Link rot refers to broken links at scale, specifically the decay that occurs over time as the web naturally changes.
One broken link is an oversight.
Link rot is when your outbound links no longer reach a live page, or when some of your top backlinks have disappeared without anyone noticing.
The distinction matters because link rot isn’t something you can fix once and be done with. It’s an ongoing process that requires regular backlink monitoring.
Two Types of Link Rot, Only One Threatens Your Rankings
There are two distinct types of link rot: Outbound link rot and inbound link rot. Each requires a completely different response.

Outbound Link Rot: The Links Your Site Sends Out
Outbound link rot happens when links from your pages to other websites stop working.
Your site might have a resource page linking to 20 industry tools. Over the past two years, some of those tools have shut down, renamed their pages, or restructured their sites. Your links now point to 404 errors. That’s outbound link rot.
It affects your users because following a dead link creates a frustrating experience.
Inbound Link Rot: The Backlinks Pointing to Your Site
Inbound link rot happens when backlinks from other sites to your pages stop working.
What is a Backlink?
A backlink is essentially a link from another website pointing to yours. It’s one of the primary ways Google measures how much to trust your page on a given topic.
When these backlinks disappear because the linking page was deleted or the referring domain (the domain where the link lived) expired, the authority they pass stops flowing.
This can become a rankings problem, particularly when valuable and relevant backlinks disappear. You can’t fix it by editing your own site. You have to either reclaim the link through outreach or accept that the authority is gone.

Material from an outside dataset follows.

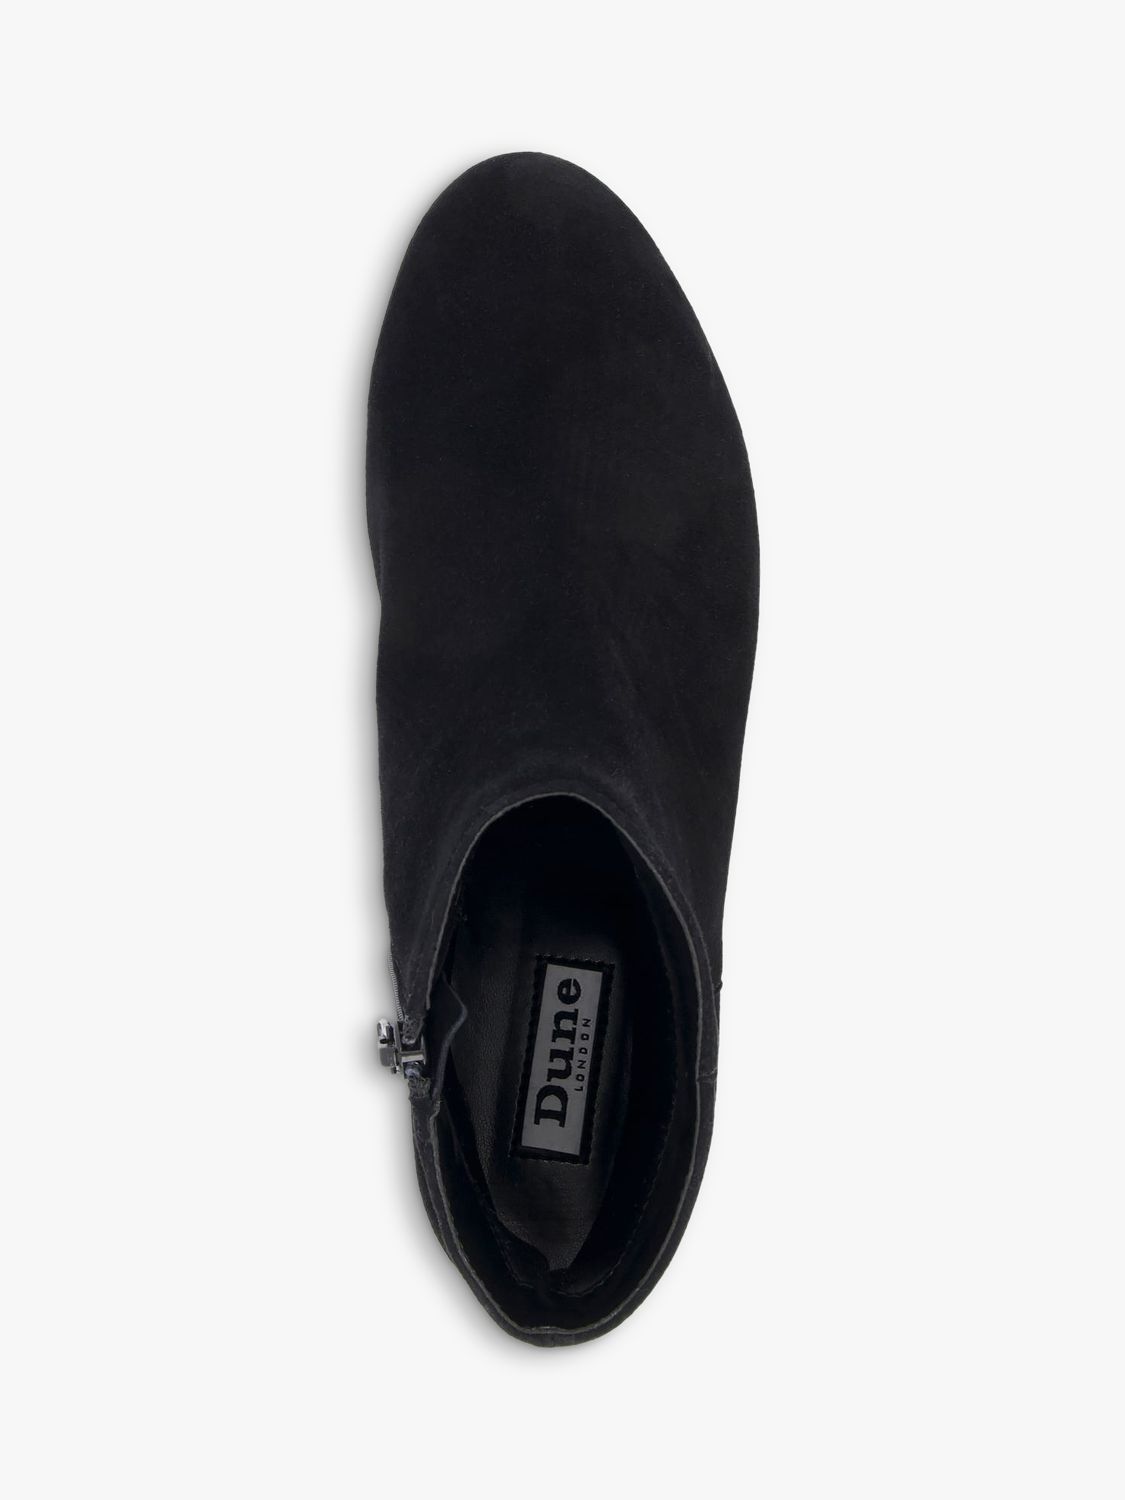 Dune Pippie Suede Block Heel Ankle Boots, Black at John Lewis & Partners
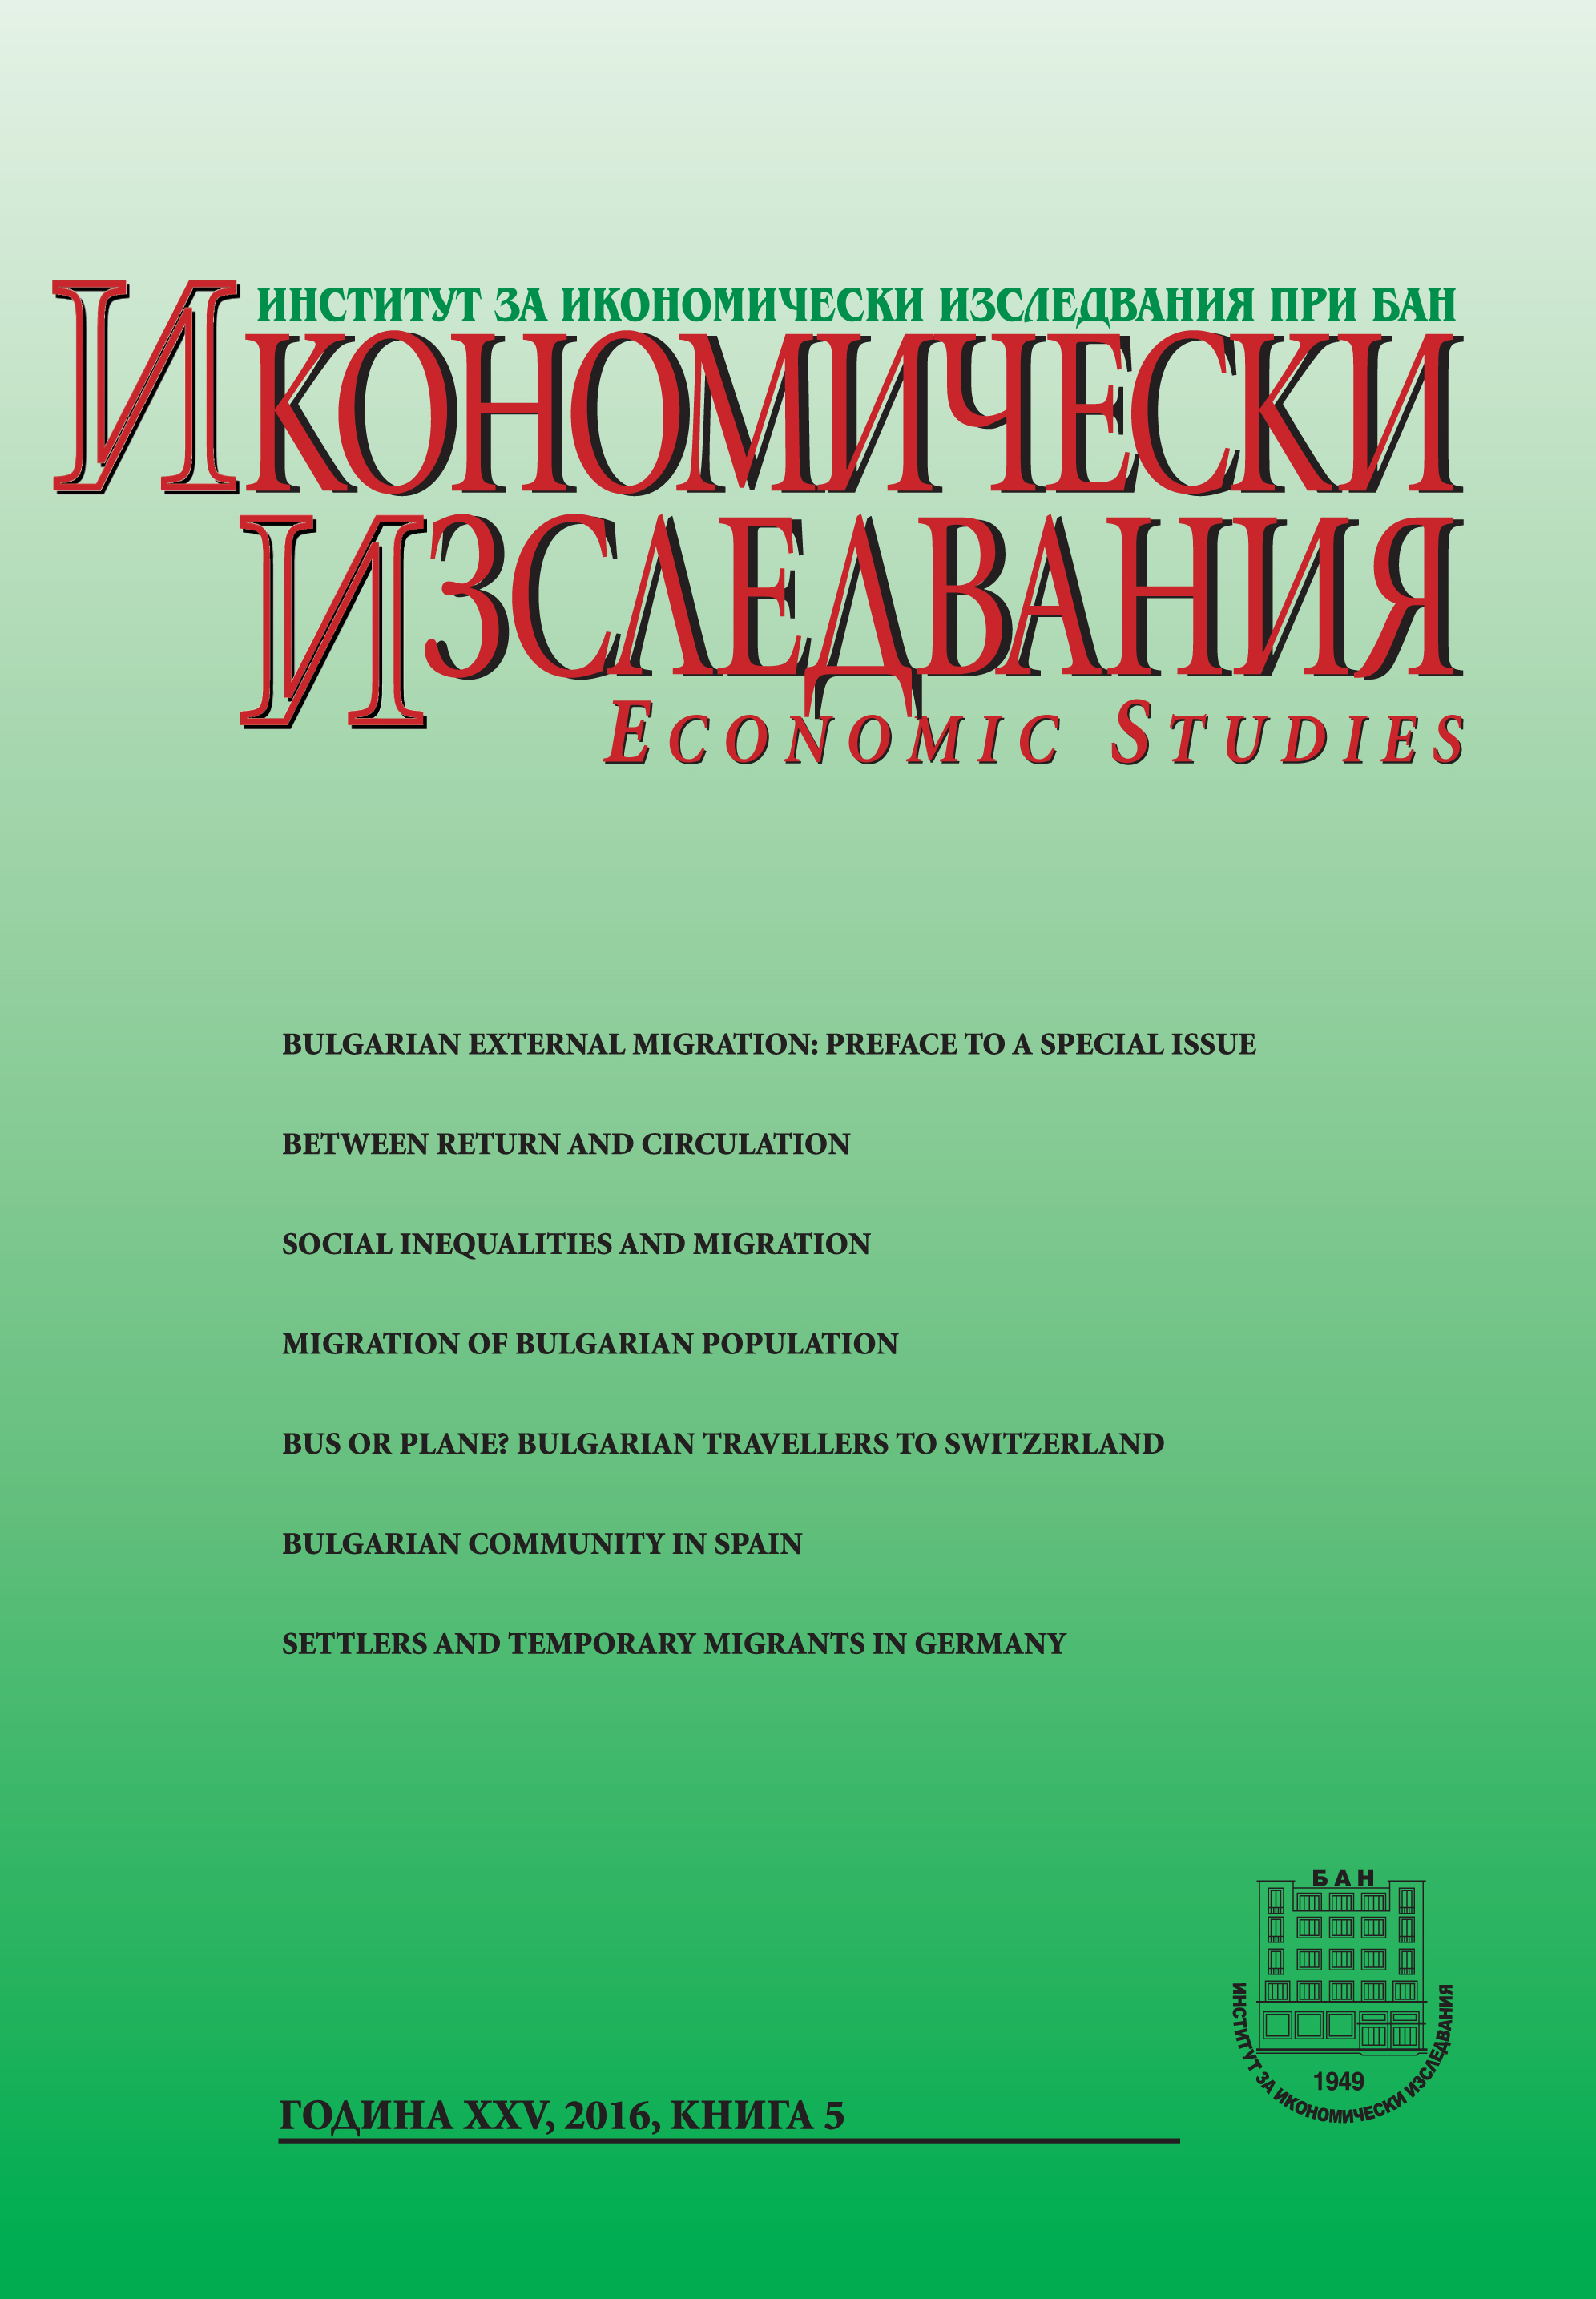 Between Return and Circulation: Experiences of Bulgarian Migrants Cover Image

In fact, when auditing a client’s website, we first identify which referring domains have vanished in the last 30 to 90 days.
This window matters because a domain still fresh in the webmaster’s memory is far more likely to restore a link than one that dropped months ago.
You can find these by pulling a referring-domain report from your backlink tool and sorting by last-seen date.
Outbound audits catch dead links you control. But inbound monitoring catches authority loss. This gap causes many site owners to lose rankings without knowing why.
If your website is new, you can check outbound link rot using a broken link checker. But the backlinks disappearing from your backlink profile (the full picture of every site linking to them) go unnoticed until rankings slip.
You need to monitor both types of link rot. This is what separates a maintained and healthy backlink profile from a silently shrinking one.
In a simple way, you need to remember this:
| FACTORS |
OUTBOUND ROT |
INBOUND ROT |
|---|---|---|
| What Breaks |
Links you send out | Links pointing to you |
| Detection Tool |
Google Search Console reporting 404s or broken link checker | Ahrefs or Backlink Monitor |
| Hurts Ranking |
Indirect (trust signal) | Direct (authority loss) |
| Fix |
301 redirect or swap link | Reclaim via outreach |
| Check Cadence |
Quarterly | Monthly |
Six Reasons a Link Dies
A link dies when the destination page gets deleted, moved without a redirect, or the entire domain goes offline. Content edits, expired domains, and typo fixes account for the rest.
1. The Linking Page Was Deleted
Site owners remove old articles during content audits or when consolidating their site.
Any backlinks from those deleted pages disappear with them. It’s one of the most common causes of inbound link rot.
2. The Website Restructured Its URLs Without Adding Redirects
A site migrates from /blog/title to /resources/title.
Without a 301 redirect (a server instruction that automatically sends visitors from the old URL to the new one), every link pointing to the old URL leads nowhere.
3. The Domain Expired or Changed Ownership
Domains (web addresses like example.com) are registered annually or for multi-year terms.
When they lapse, the site goes offline. If someone buys the expired domain, the original content isn’t preserved.
4. The Entire Site Went Offline
A site can shut down because the business closed, the hosting bill wasn’t paid, or the owner walked away.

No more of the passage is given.